The findings from the study are almost the same as those from the last survey, done in 1996, indicating ghostwriting is still an issue of real concern to the medical community.

"We believe that it would help if all journals required authors to disclose their contributions and published those disclosures," Joseph Wislar, lead author of the study, told DOTmed News.

Ghostwriters are controversial, because they can have ties to the drug industry that won't get disclosed if they aren't named.

"Of course, industry experts are capable of performing state-of-the-art studies conducted to very high standards," Larry Peiperl, M.D., an editor at PLoS Medicine, explained to DOTmed News. But he added, "There is considerable data showing that industry-sponsored studies that are published tend to favor the sponsor's product."

Last month, a Canadian doctor came under fire when an investigation by the Toronto Star revealed that an article on hormone therapy she was credited with writing was partly penned by DesignWrite, a New Jersey-based medical communications company hired by pharmaceutical giant Wyeth to promote its hormone replacement drugs.

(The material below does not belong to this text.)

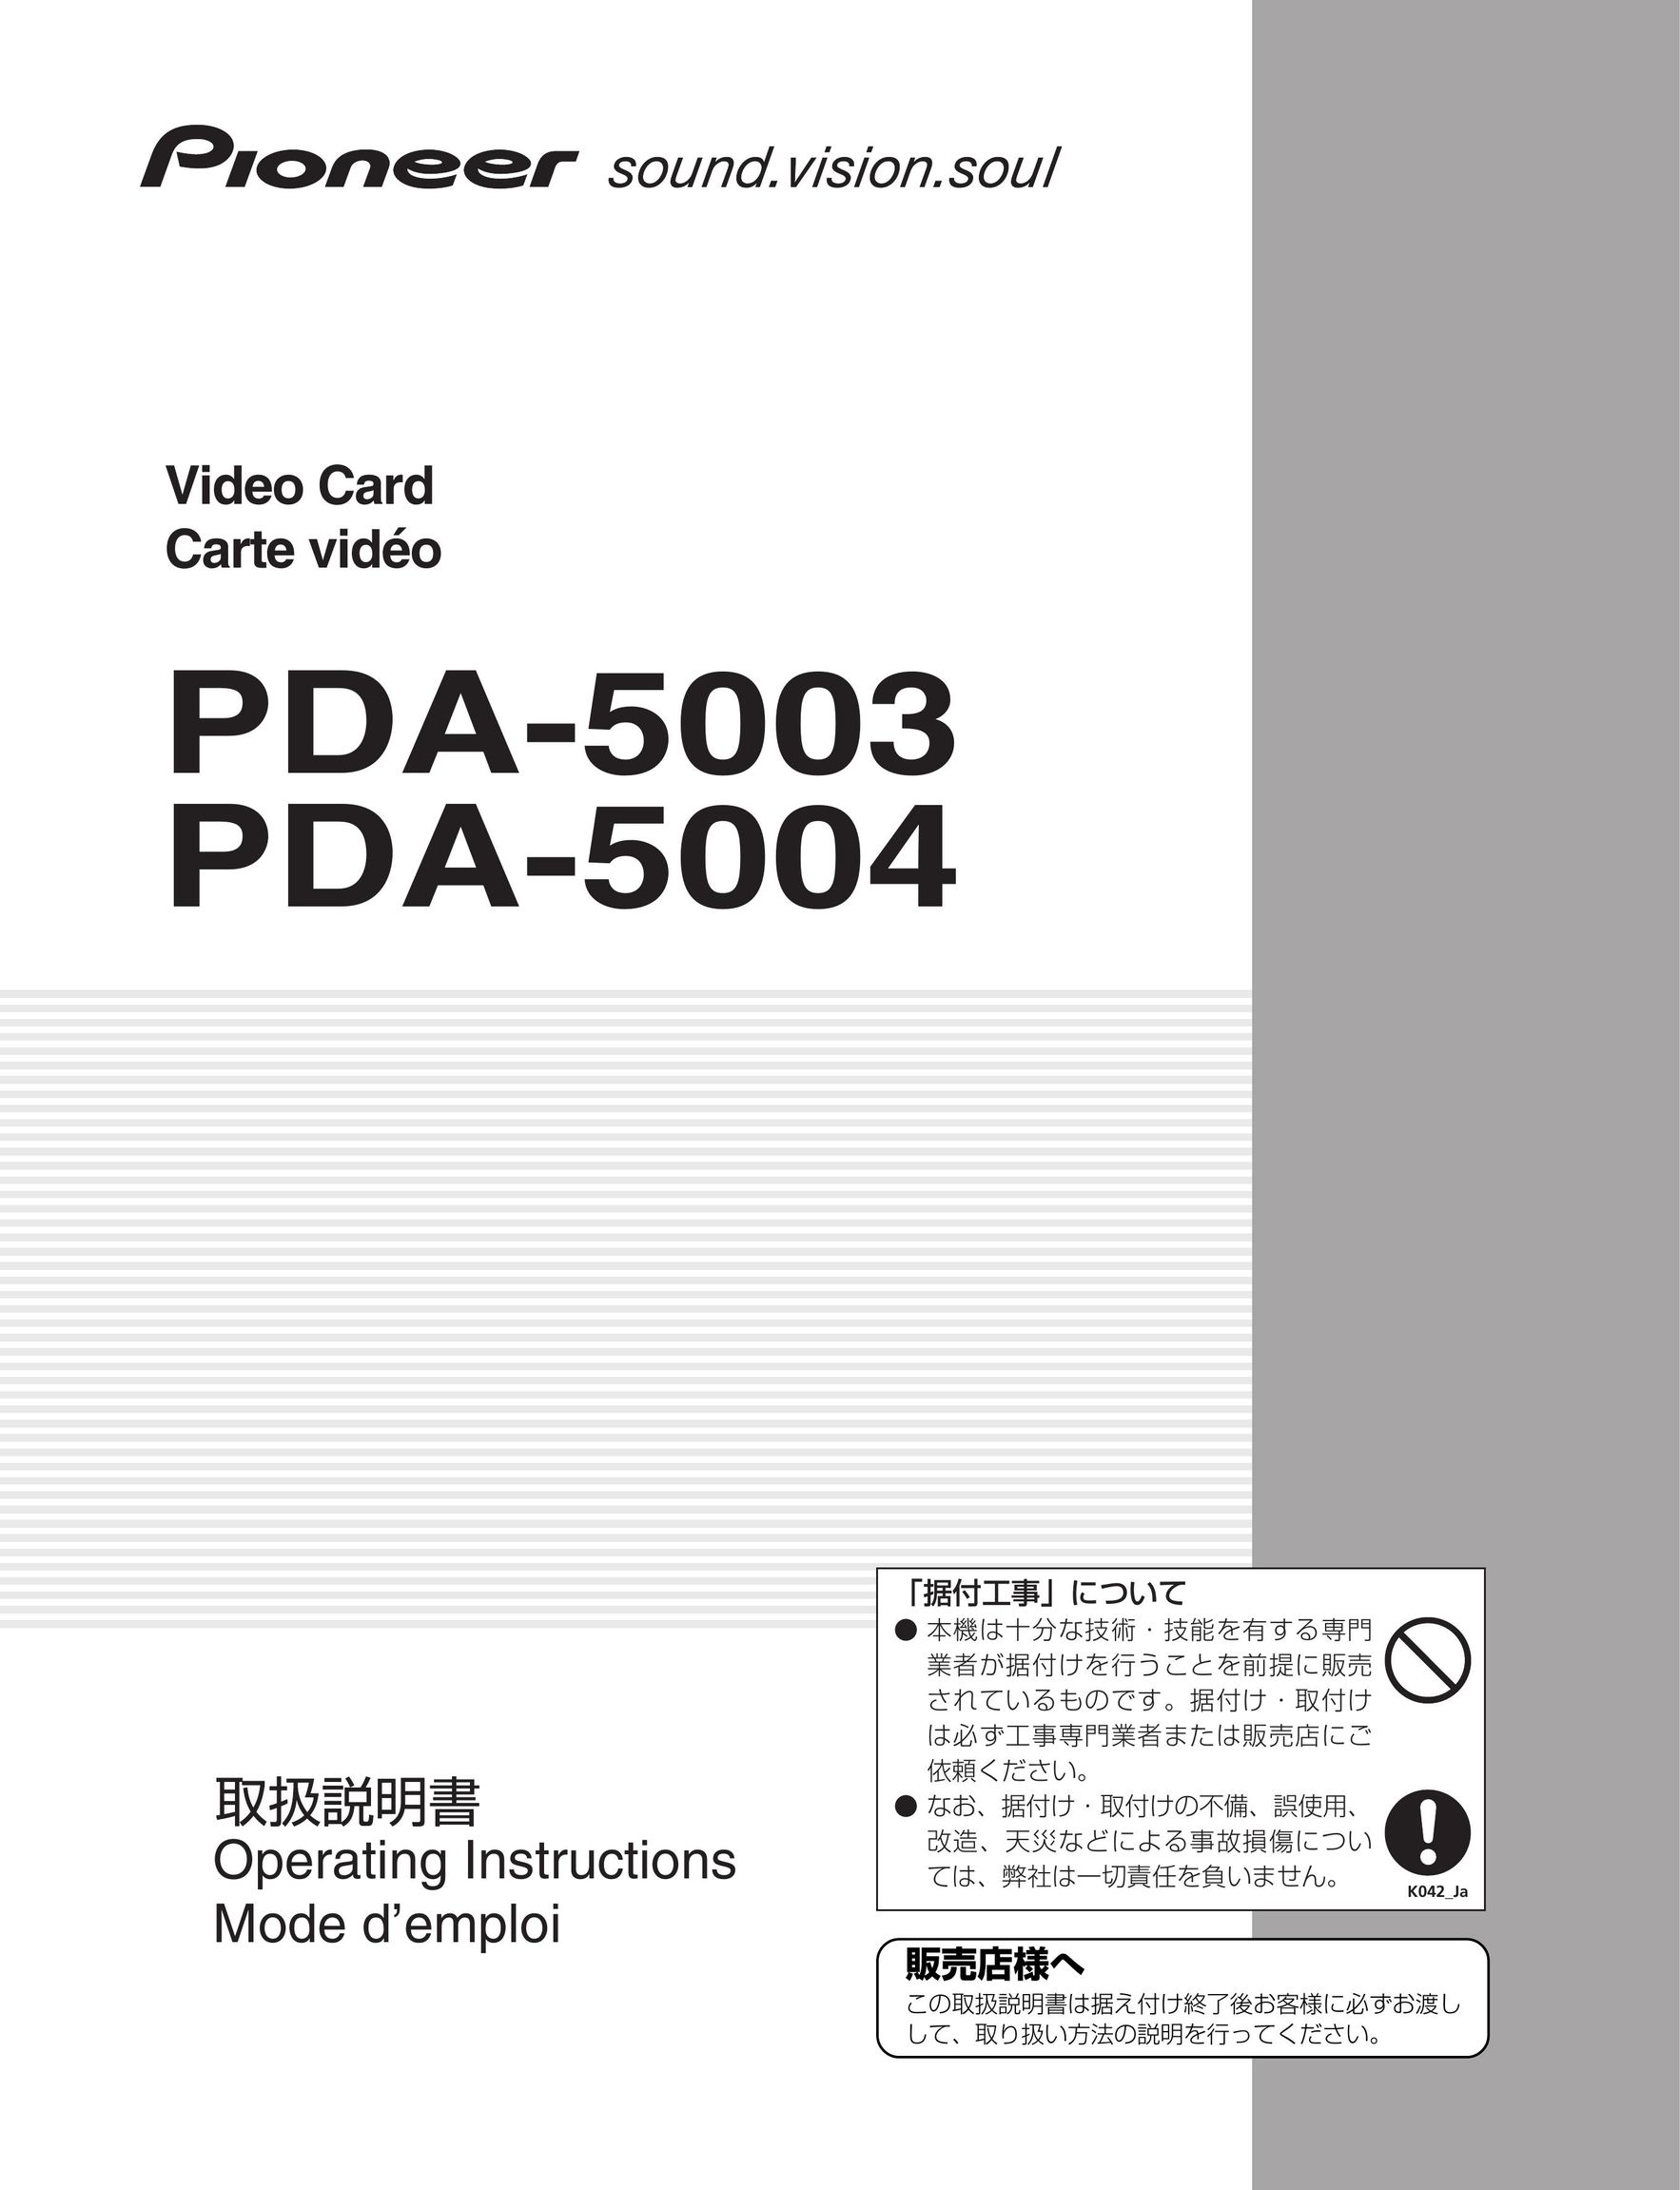 Pioneer PDA-5004 Computer Hardware User Manual

And this July, following a suit joined by PloS Medicine and the New York Times, a U.S. federal court released over 1,500 documents indicating what a PloS Medicine editorial called Wyeth's "coordinated and carefully monitored campaign of ghostwriting" in support of the hormone replacement drug Prempro.

But Dr. Peiperl believes honorary authorship represents an equally serious problem. "Having honorary authors violates widely accepted standards...that require substantial participation in the work in order to merit authorship," he explained. "Guest authorship therefore creates confusion when authorship counts for promotion and future grant funding; those who take advantage of such patronage may be at an unfair advantage over those who play by the rules."

To discourage non-disclosure of authorship, Dr. Peiperl believes universities should punish faculty members who lend their names to ghostwritten articles using policies already in place for academic misconduct. He also thinks journal editors should retract articles found later to have used ghostwriting.

"Professors and researchers need to teach the new generation of doctors and scientists that allowing one's name to be used on ghostwritten papers is unprofessional and unacceptable," he stated.